■ **Collected material**
==*==

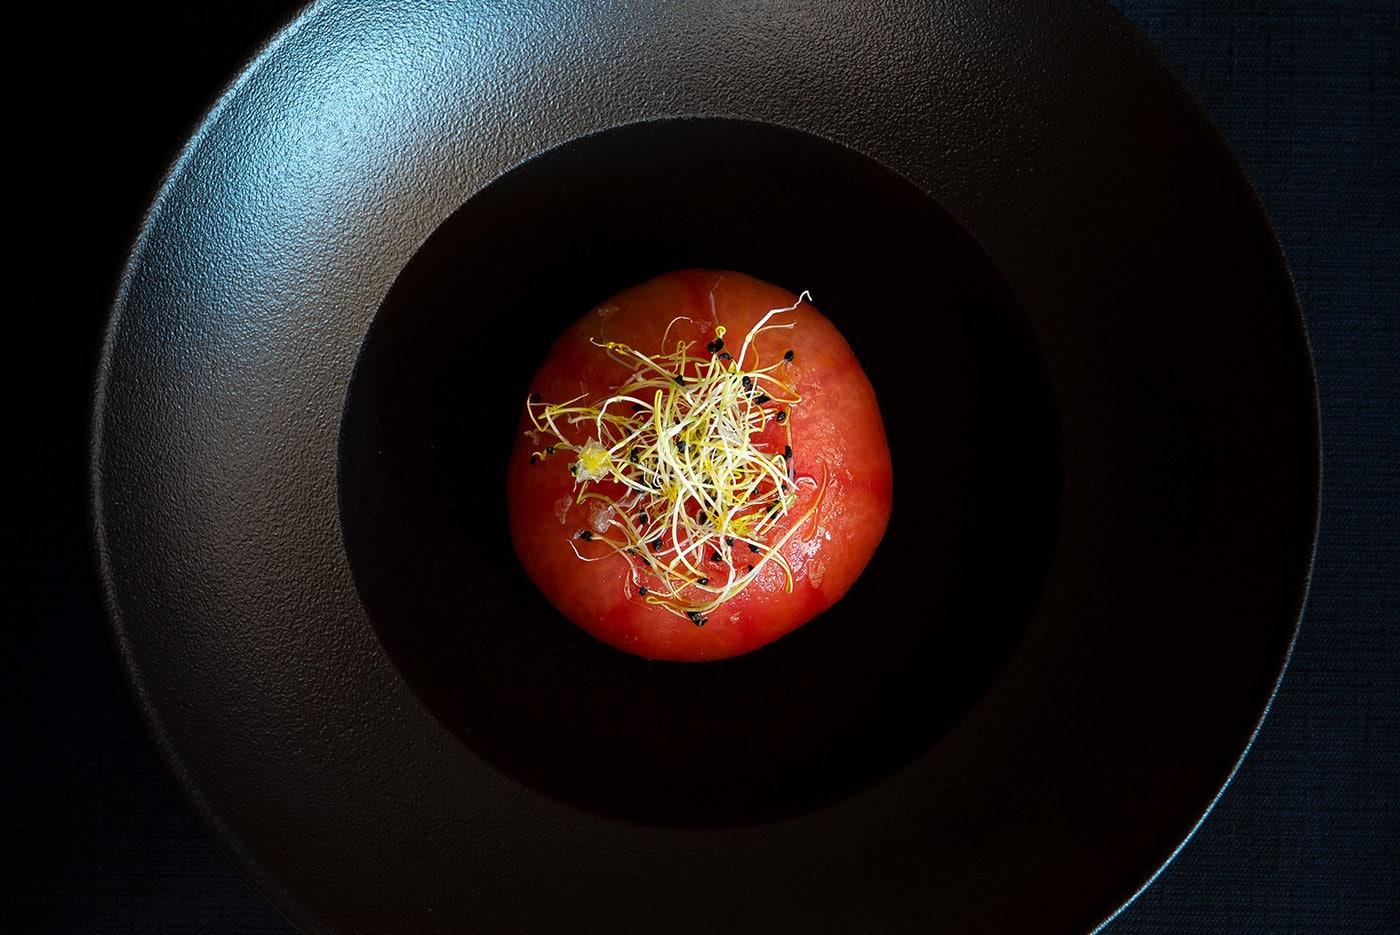 fotografía-gastronómica-hoteles-panoramios-por-adolfo-gosalvez-gastronomía
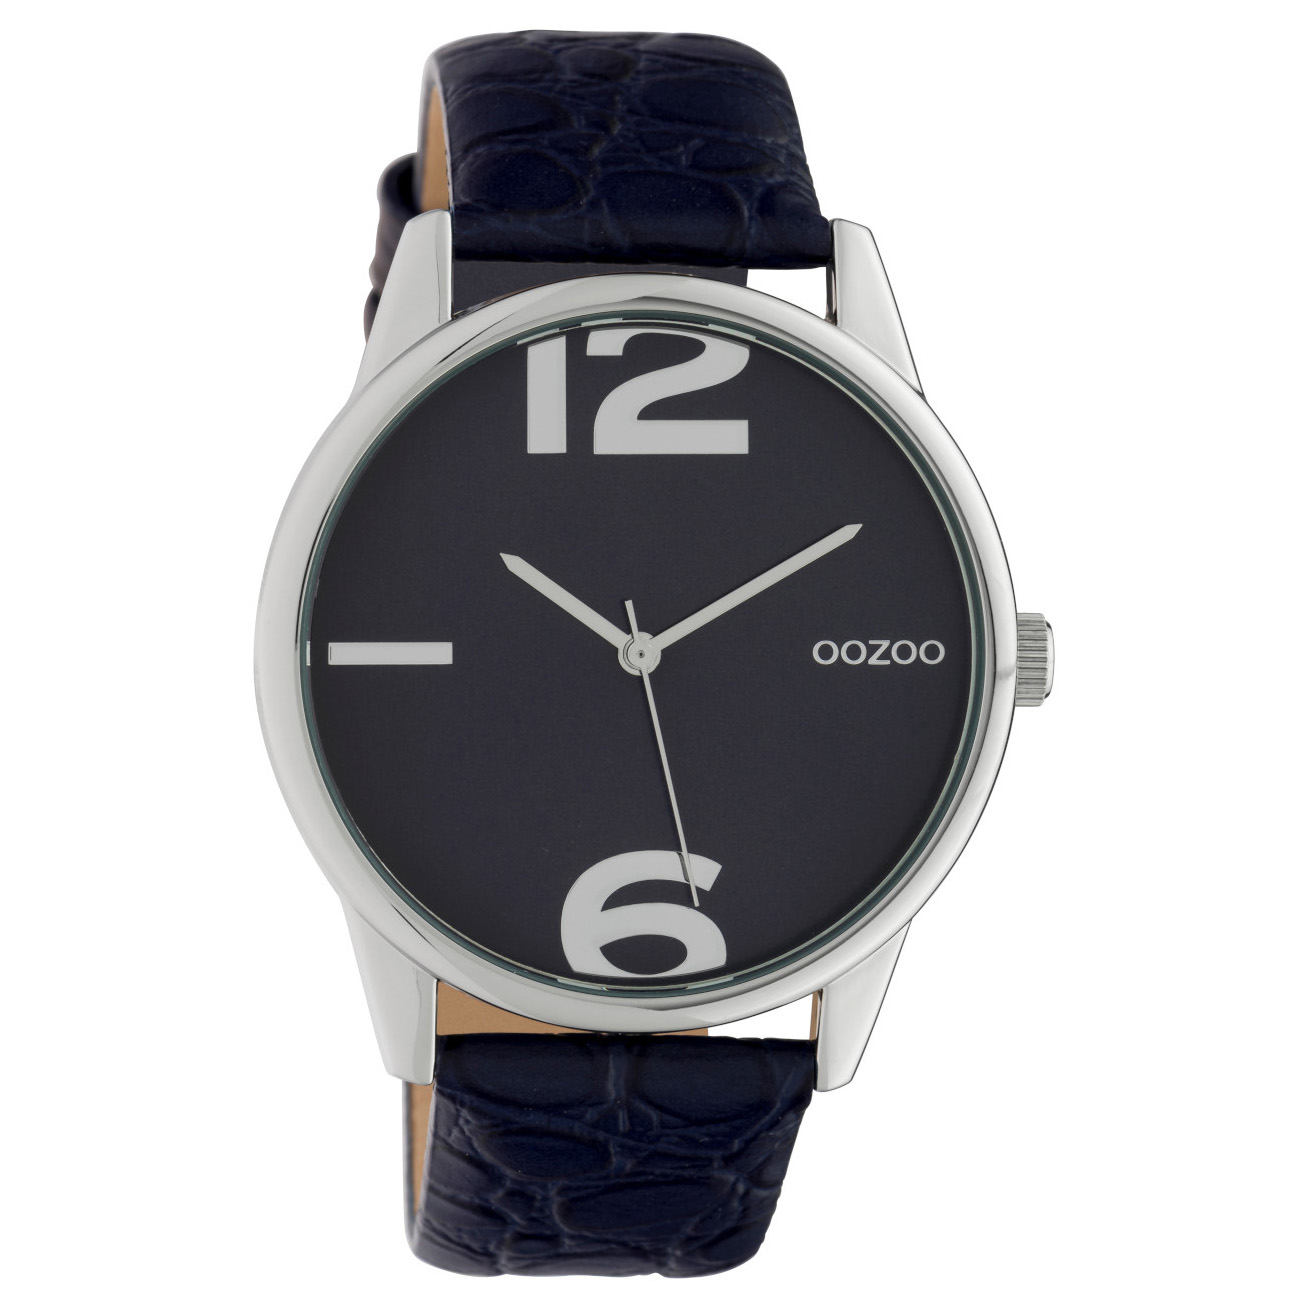 OOZOO C10377 Horloge Timepiece Collection Evening Blue Croco 45 mm
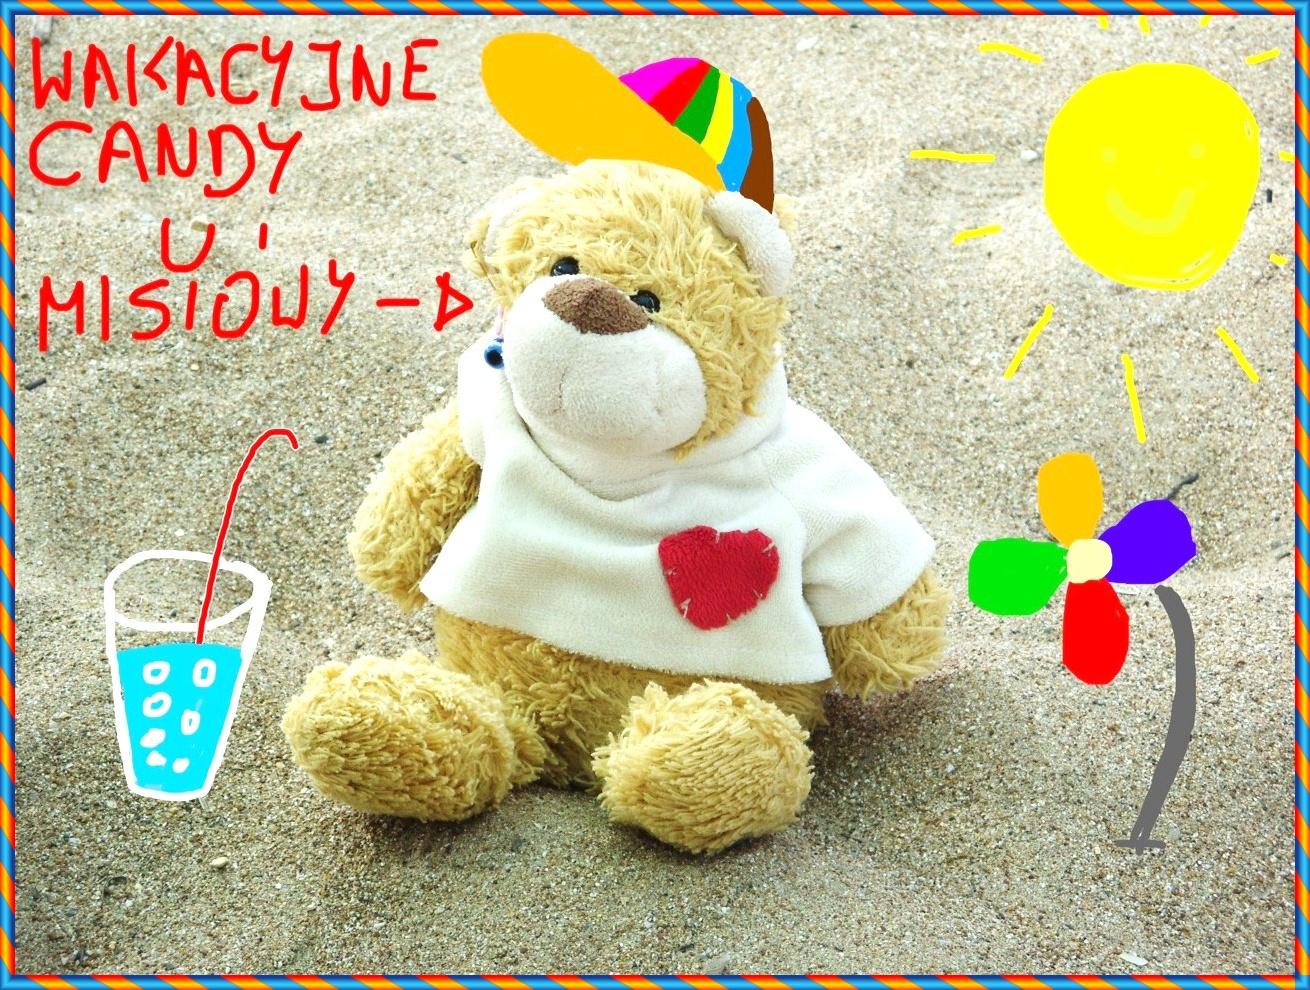 Wakacyjne Candy u Kasi :)
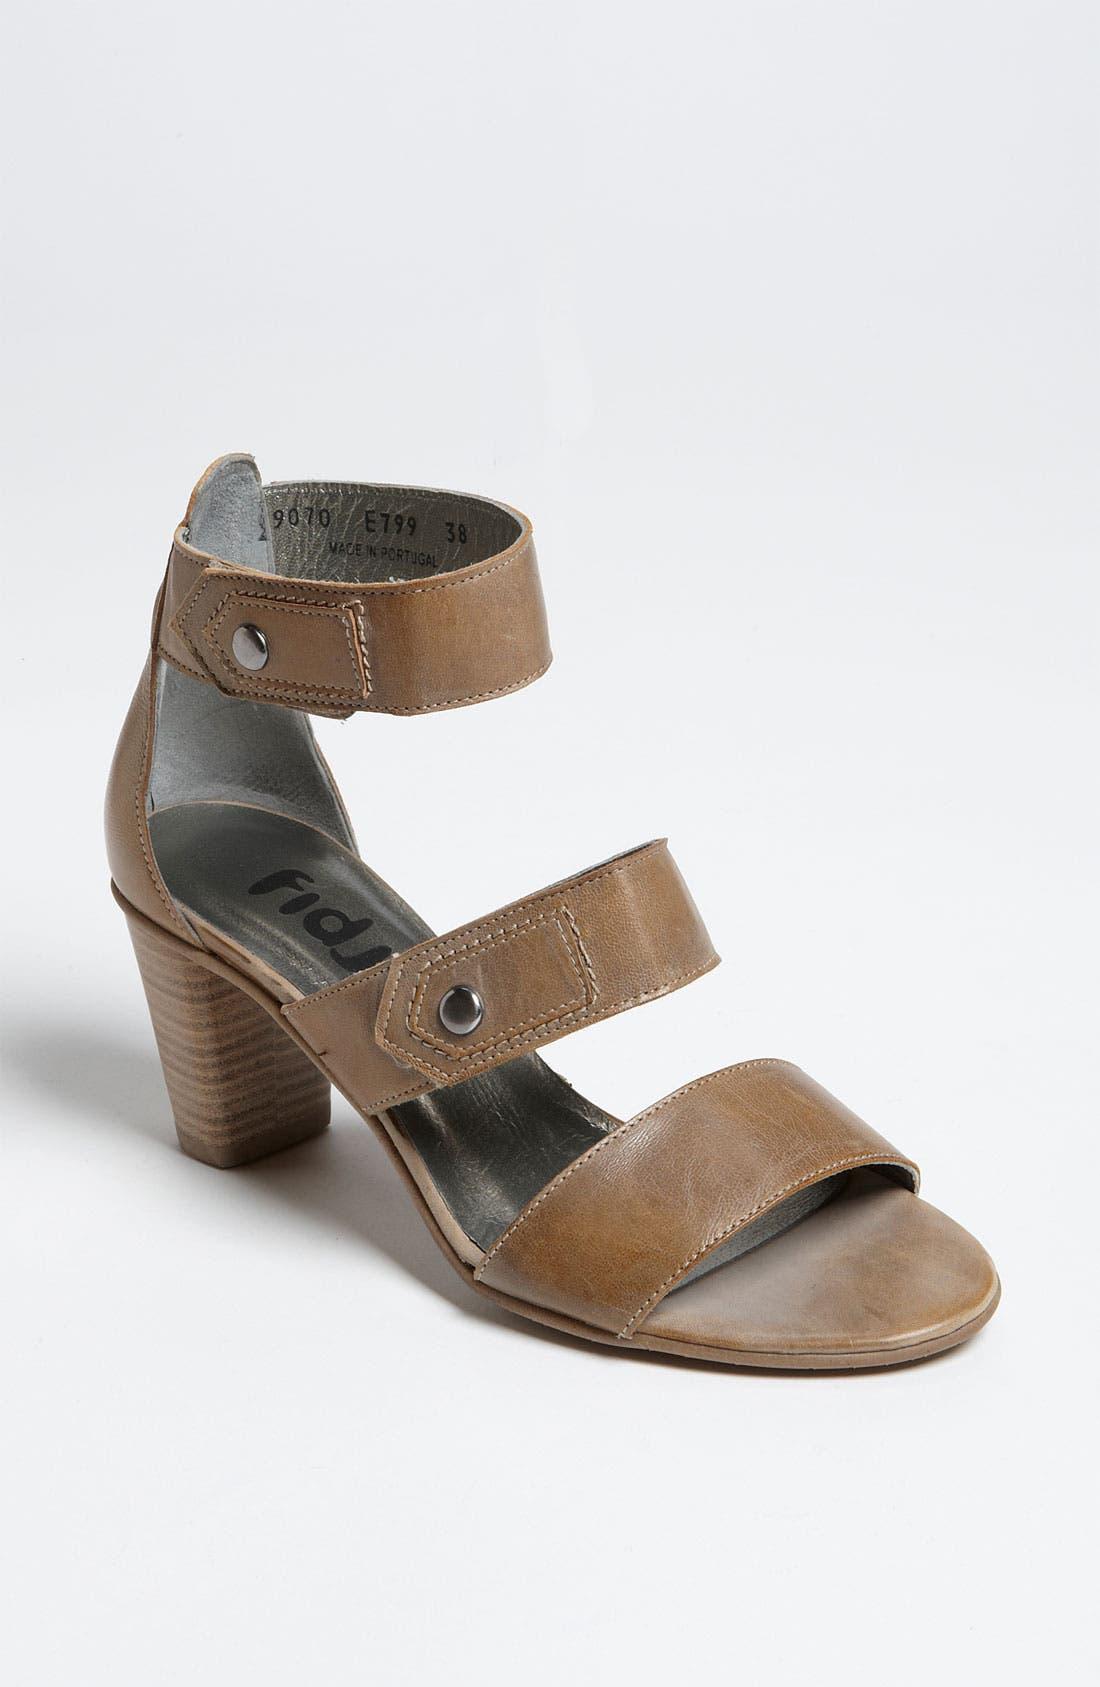 Alternate Image 1 Selected - Fidji 'E799' Sandal

==*==

■ **What you will do**
Using the listing above, write out exactly the lines from the one that holds "Wakacyjne Candy u Kasi :)" through the last line, both included, and omit pictures.

■ **Result of the exercise**
 Wakacyjne Candy u Kasi :)
 Alternate Image 1 Selected - Fidji 'E799' Sandal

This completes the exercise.